Durchblick #14: Fakt oder Fiktion? Der Einfluss von KI auf unsere Wahrnehmung
Updates für Bildung in einer exponentiellen Welt
Liebe Leser und Leserinnen,
willkommen zum neuen “Durchblick”. Wie lange können wir unseren Sinnen eigentlich noch trauen? Während aktuelle KI-Tools immer beeindruckendere und realistischere Medien produzieren, hapert es immer noch an der zuverlässigen Identifizierung dieser synthetisch produzierten Inhalte. Ist eine Lösung dieser Herausforderung mit Technologie überhaupt möglich, oder müssen wir bei Moral und Ethik ansetzen?
Lassen Sie sich inspirieren, heute vom Schwerpunkt “Die Parallelwelt der KI-generierten Medien”. Haben Sie noch Fragen oder Ideen? Nehmen Sie gerne Kontakt mit uns auf.
SWK-Bildungsforscher empfehlen den Einsatz von ChatGPT an Schulen // deutsches-schulportal.de, Deutsch
Die Ständige Wissenschaftliche Kommission der Kultusministerkonferenz (SWK) empfiehlt in einem Impulspapier den Einsatz von KI-Tools wie ChatGPT im Bildungssystem.
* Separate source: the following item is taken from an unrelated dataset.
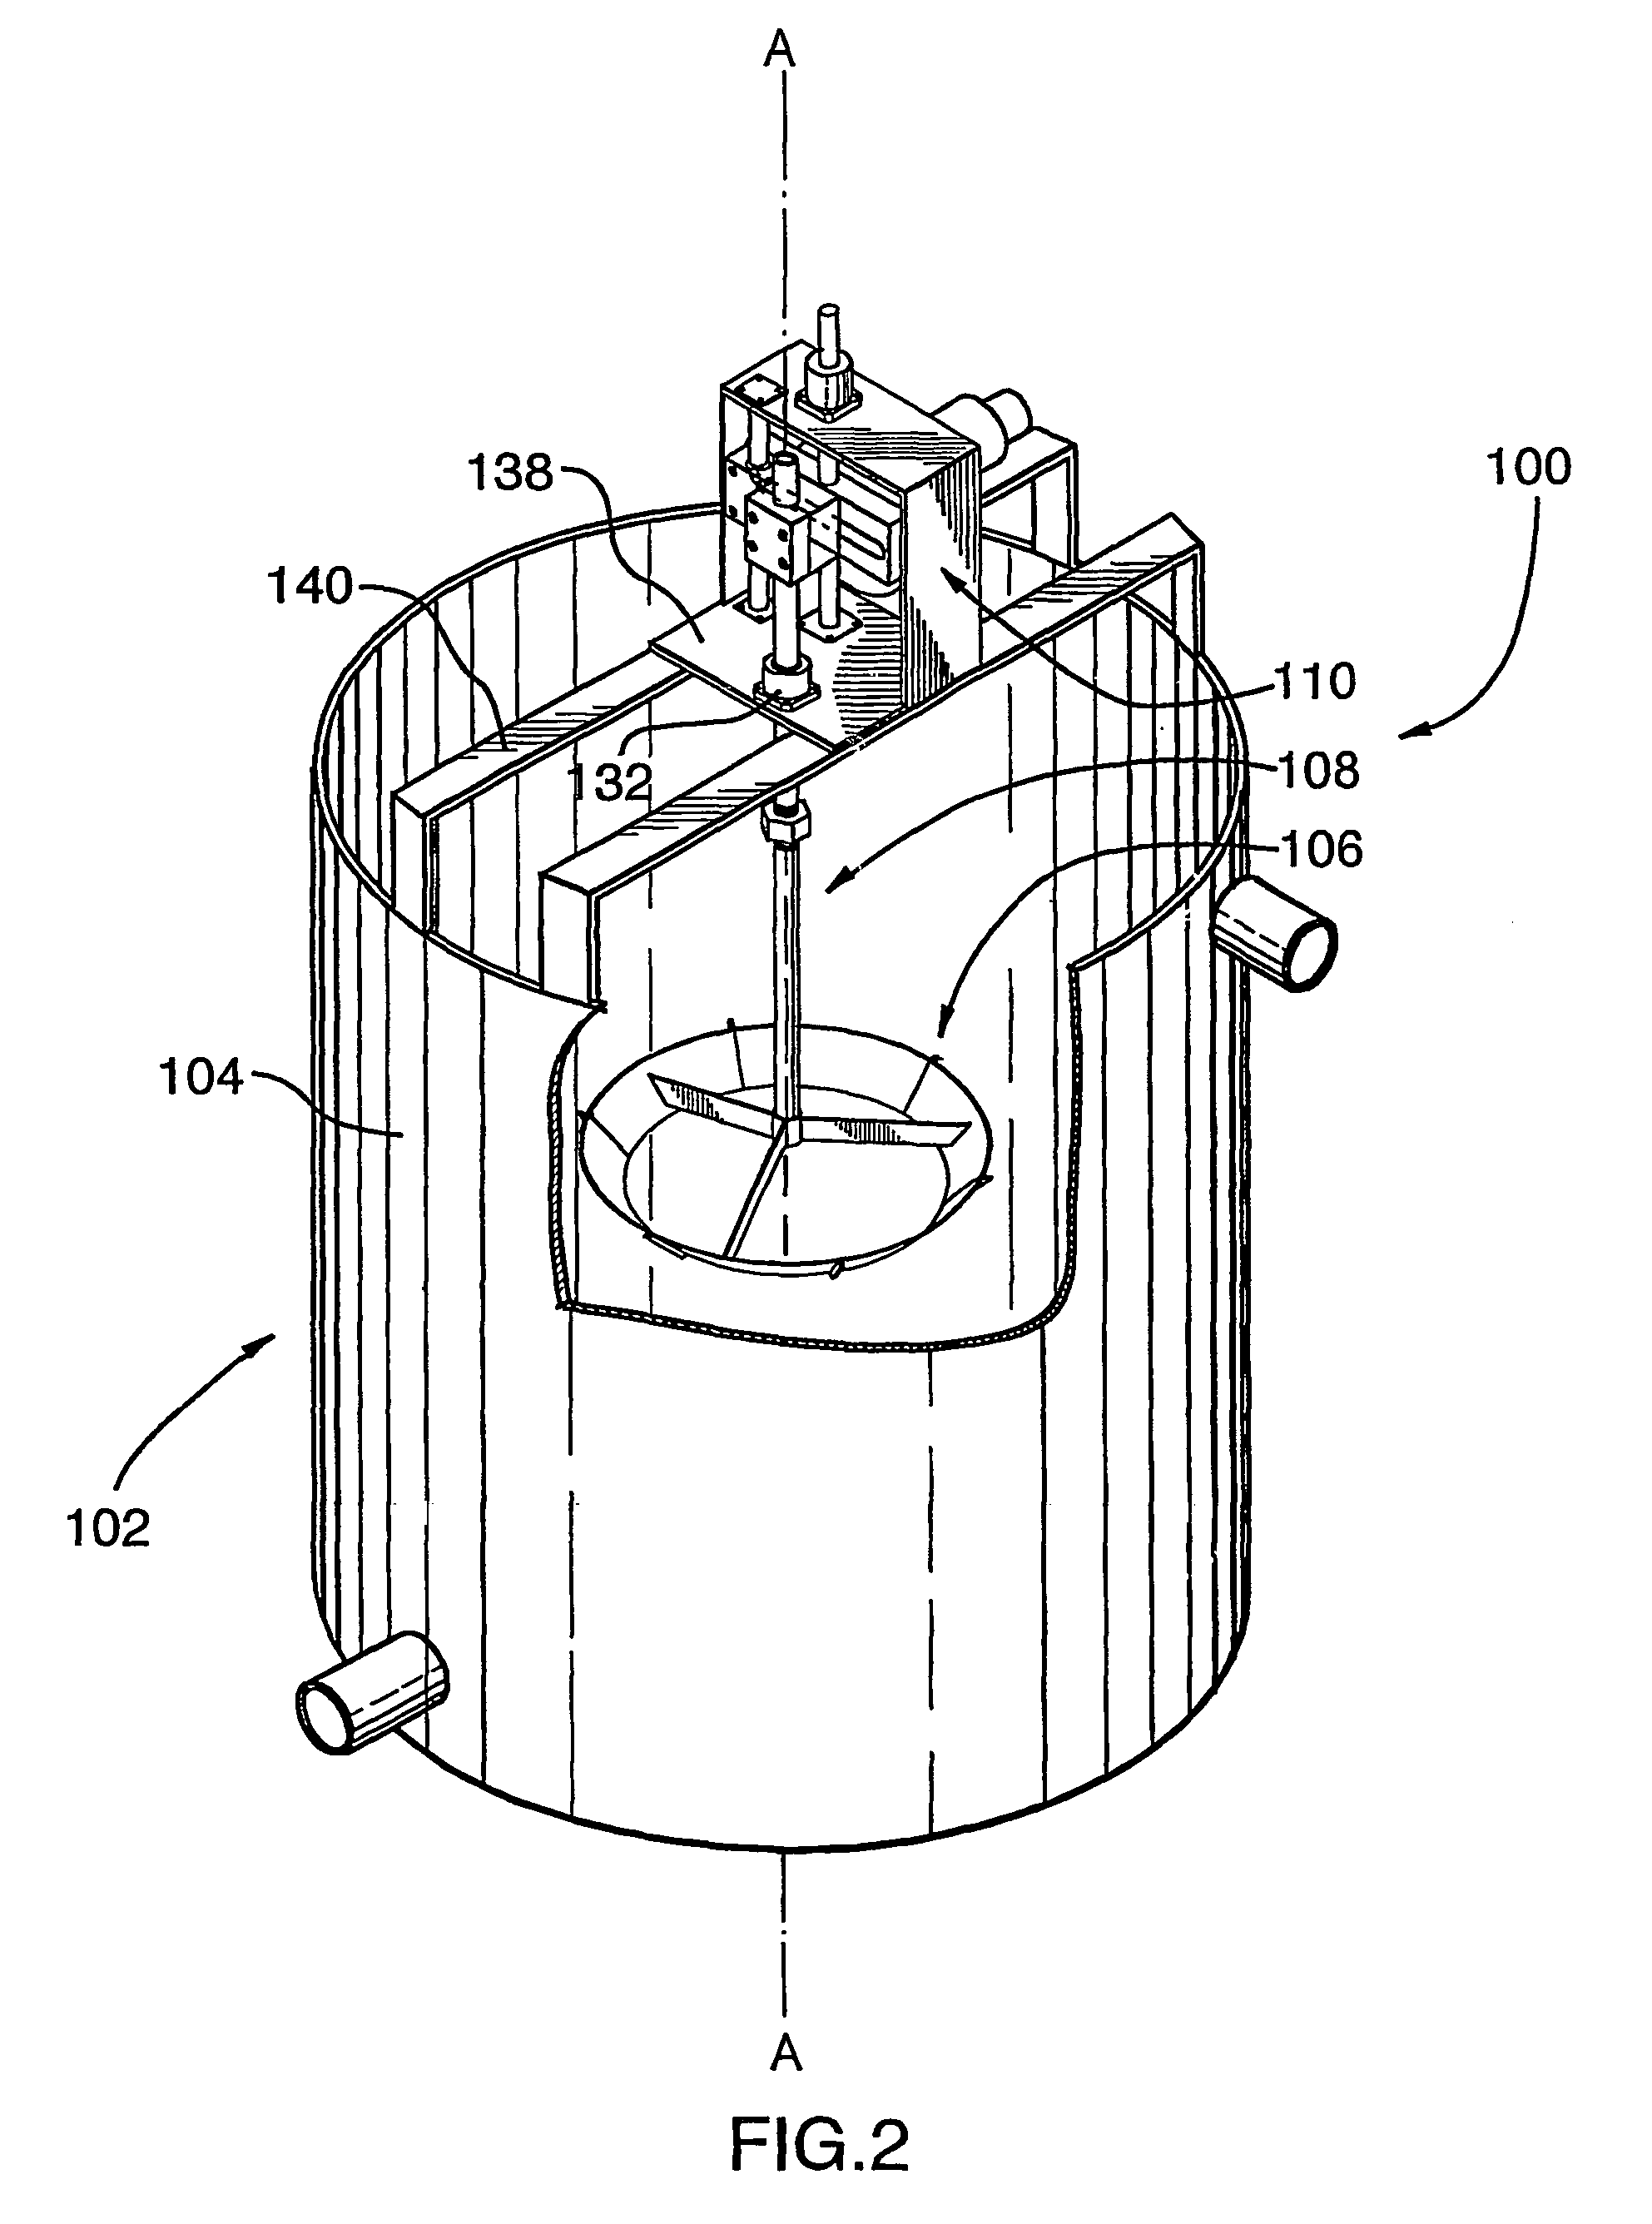 Fluid mixing apparatus

Sie fordert kostenlosen oder kostengünstigen Zugang zu diesen Werkzeugen für Schüler:innen und Lehrkräfte, um bestehende Ungleichheiten nicht zu verstärken. Die SWK sieht großes Potenzial in KI-Sprachmodellen zur Binnendifferenzierung und Individualisierung im Unterricht. KI-Chatbots könnten interaktiv Rückmeldungen geben und bei Verständnisproblemen helfen. Allerdings warnt die SWK davor, die Textproduktion komplett an KI auszulagern, da dies das fachliche Lernen untergraben würde. Sie empfiehlt, regelmäßigen Einsatz von KI-Tools erst ab der achten Klasse und betont die Notwendigkeit, Schüler:innen in der Quellenbewertung und im Verständnis der KI-Funktionsweise zu schulen.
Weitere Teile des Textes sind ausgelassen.